> **What to work on**
When you copy the listing, skip the images and return each line verbatim.
─── Material provided ───
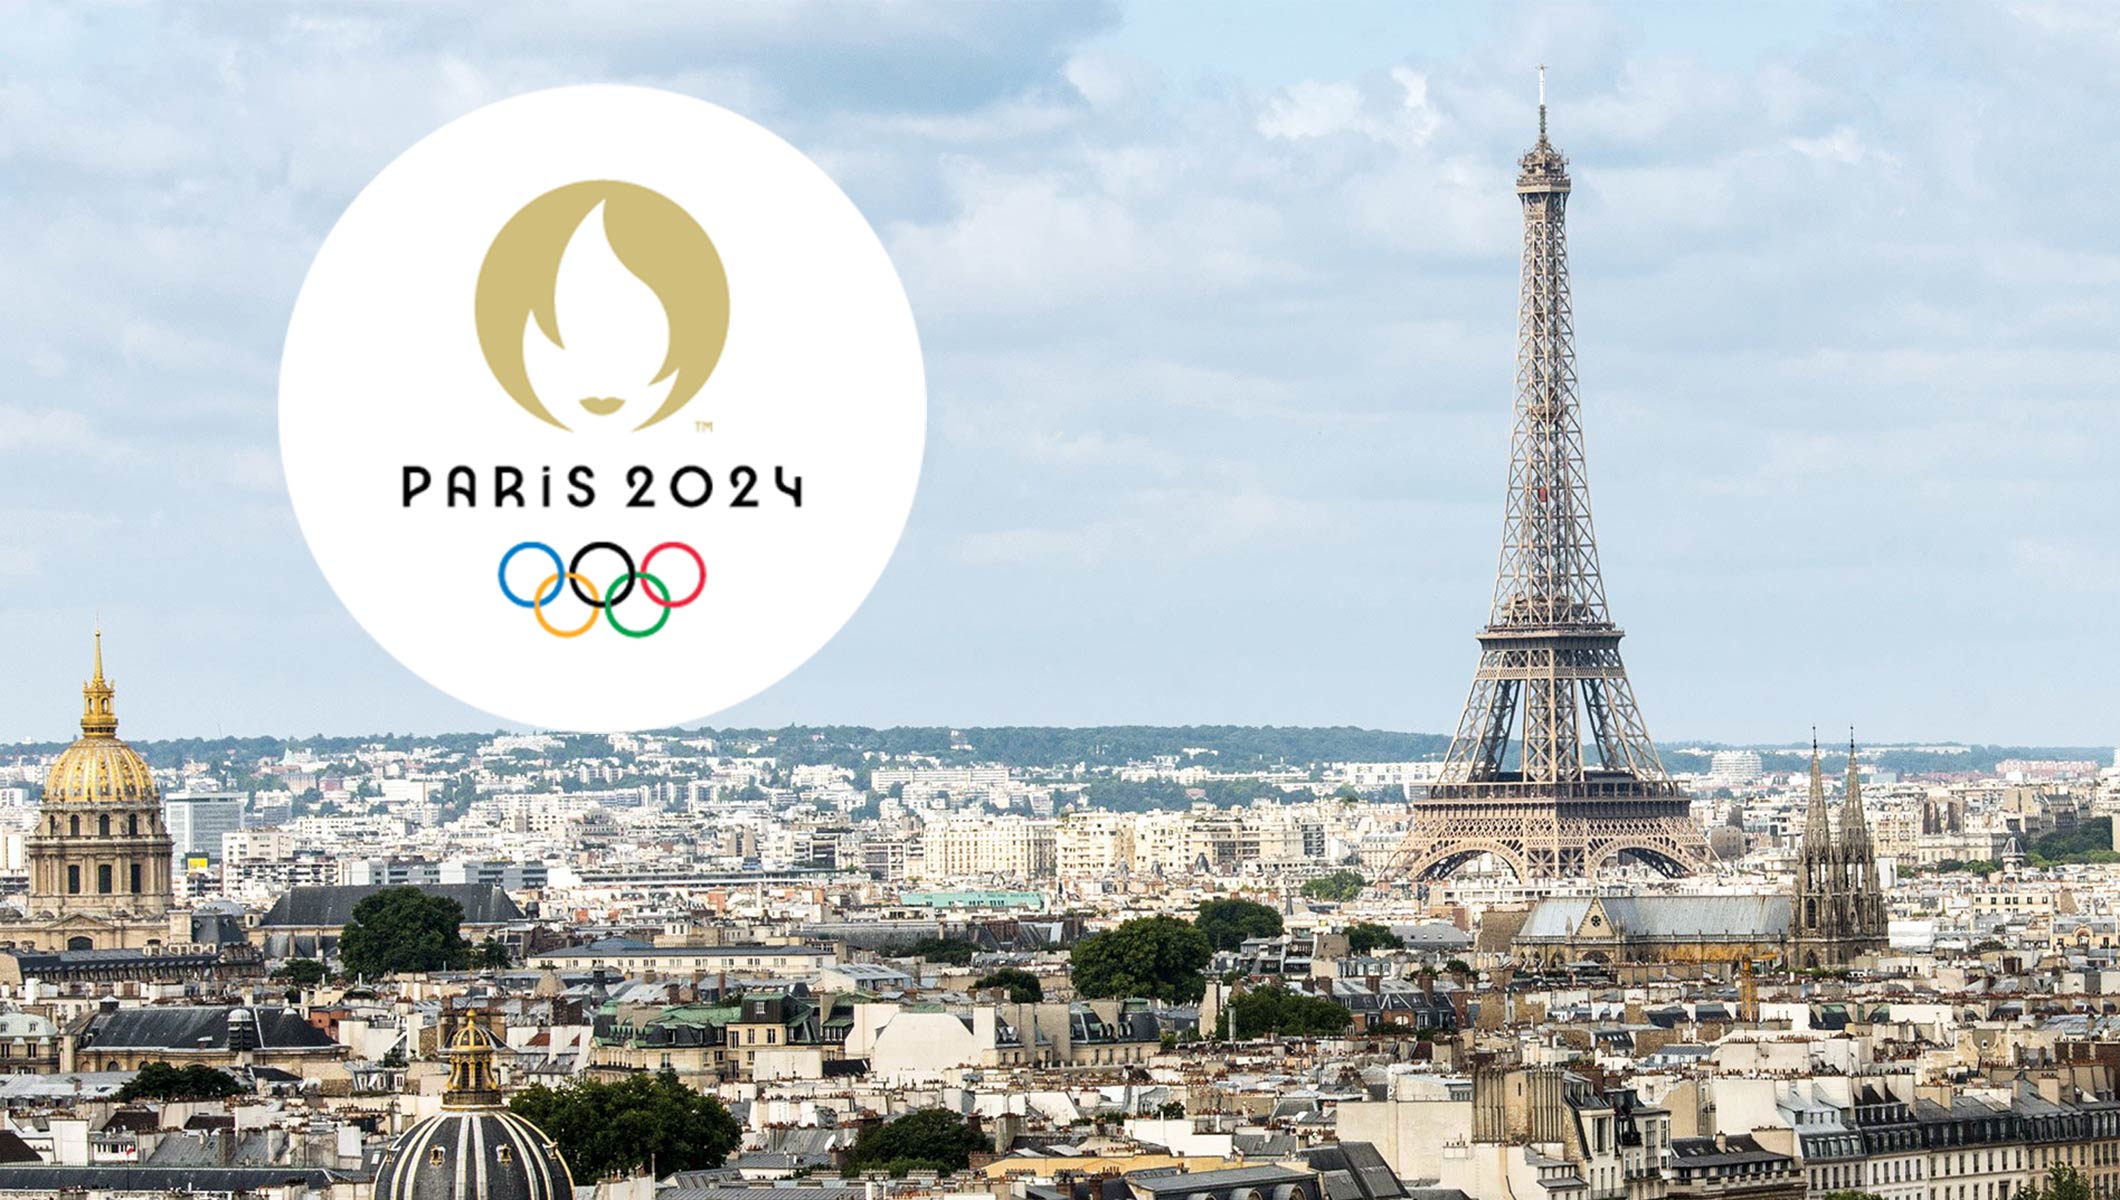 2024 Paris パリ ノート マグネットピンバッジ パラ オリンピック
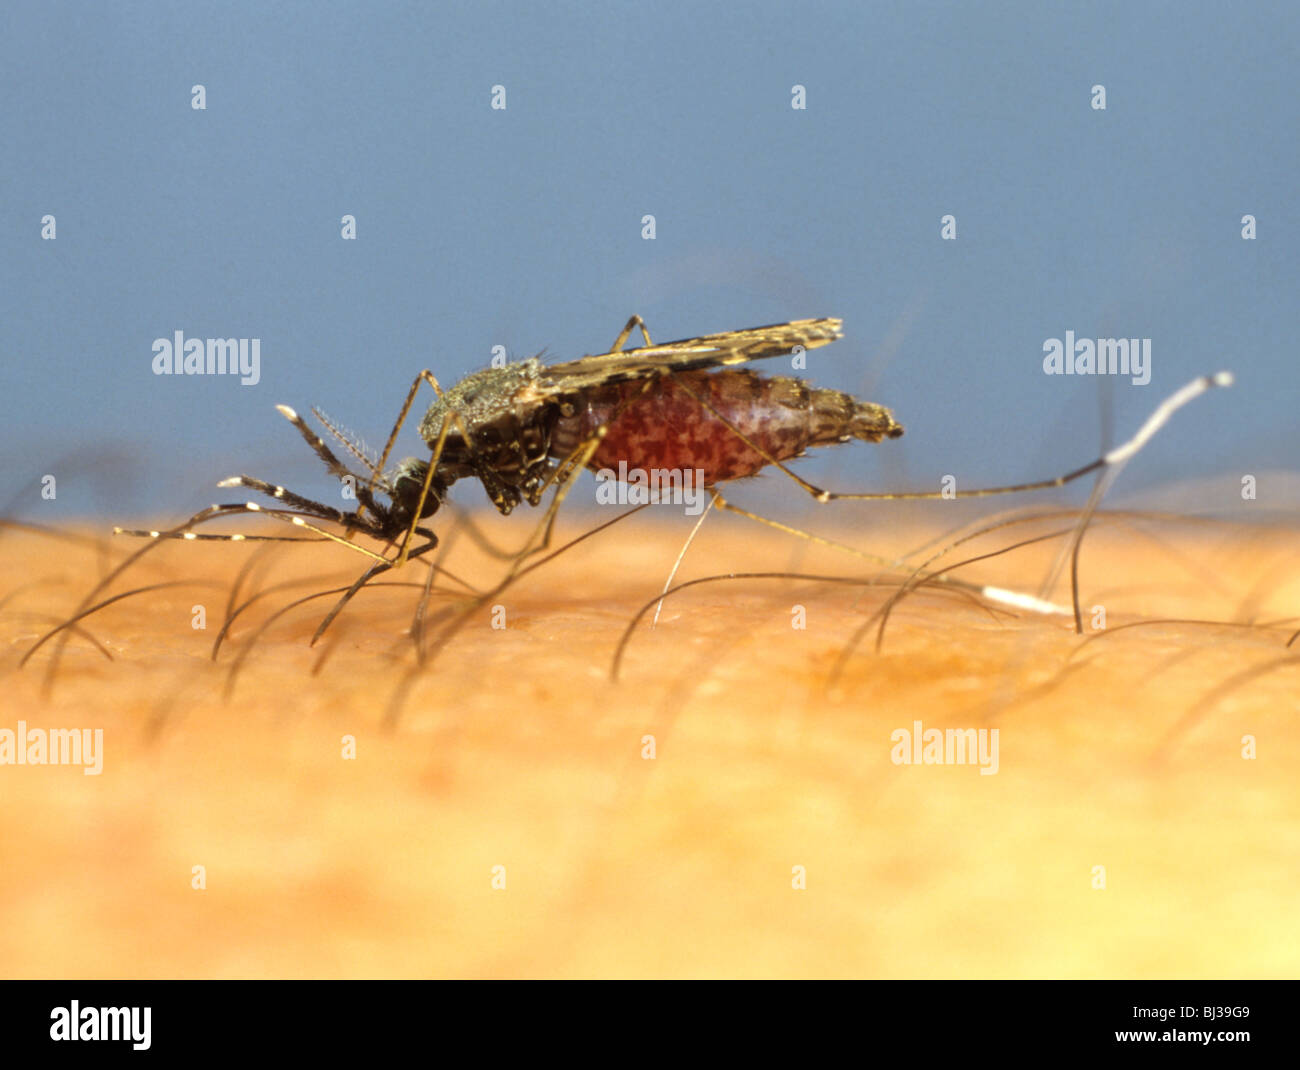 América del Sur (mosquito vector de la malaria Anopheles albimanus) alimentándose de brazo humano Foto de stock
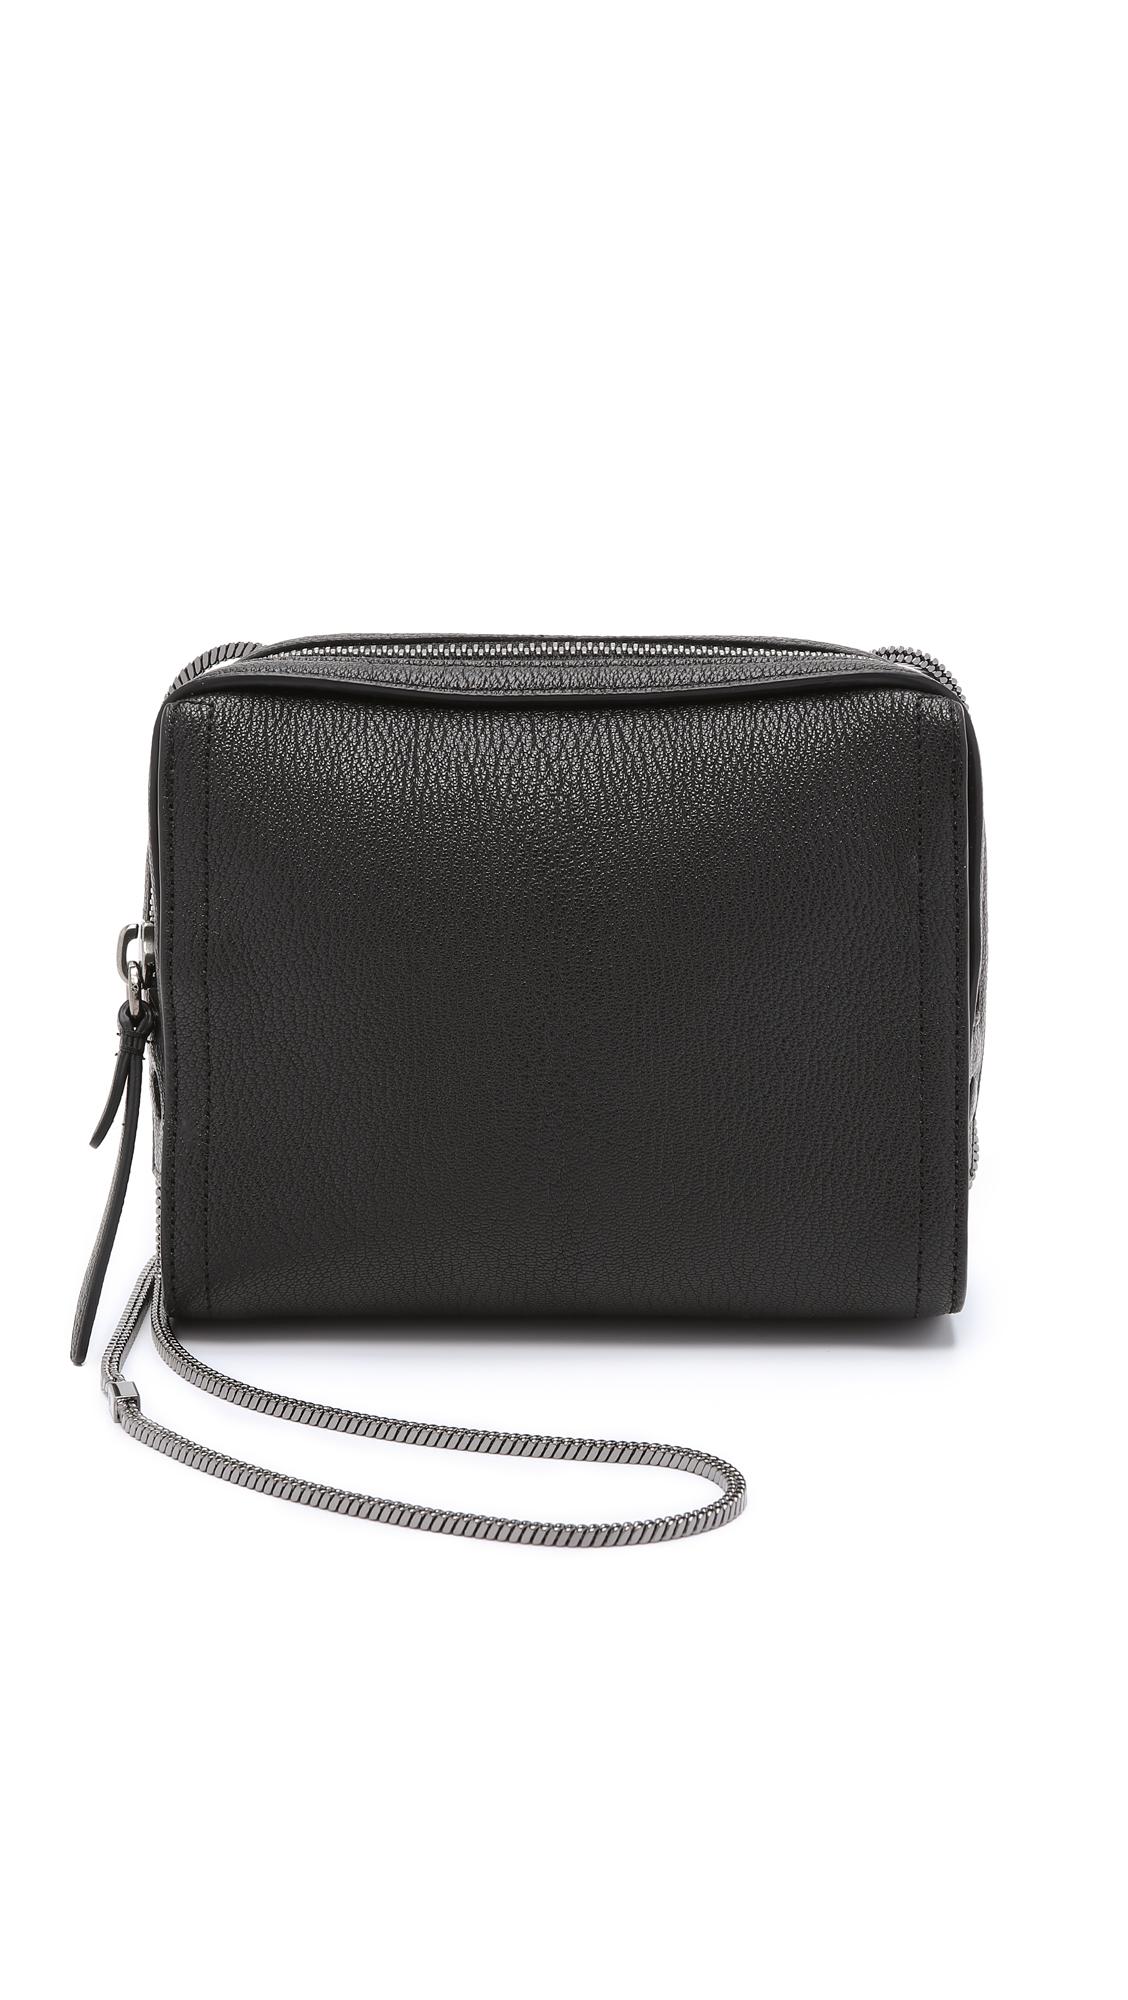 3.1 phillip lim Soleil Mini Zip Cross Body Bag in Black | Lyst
───
> **Result**
 2024 Paris パリ ノート マグネットピンバッジ パラ オリンピック
 América del Sur (mosquito vector de la malaria Anopheles albimanus) alimentándose de brazo humano Foto de stock
 3.1 phillip lim Soleil Mini Zip Cross Body Bag in Black | Lyst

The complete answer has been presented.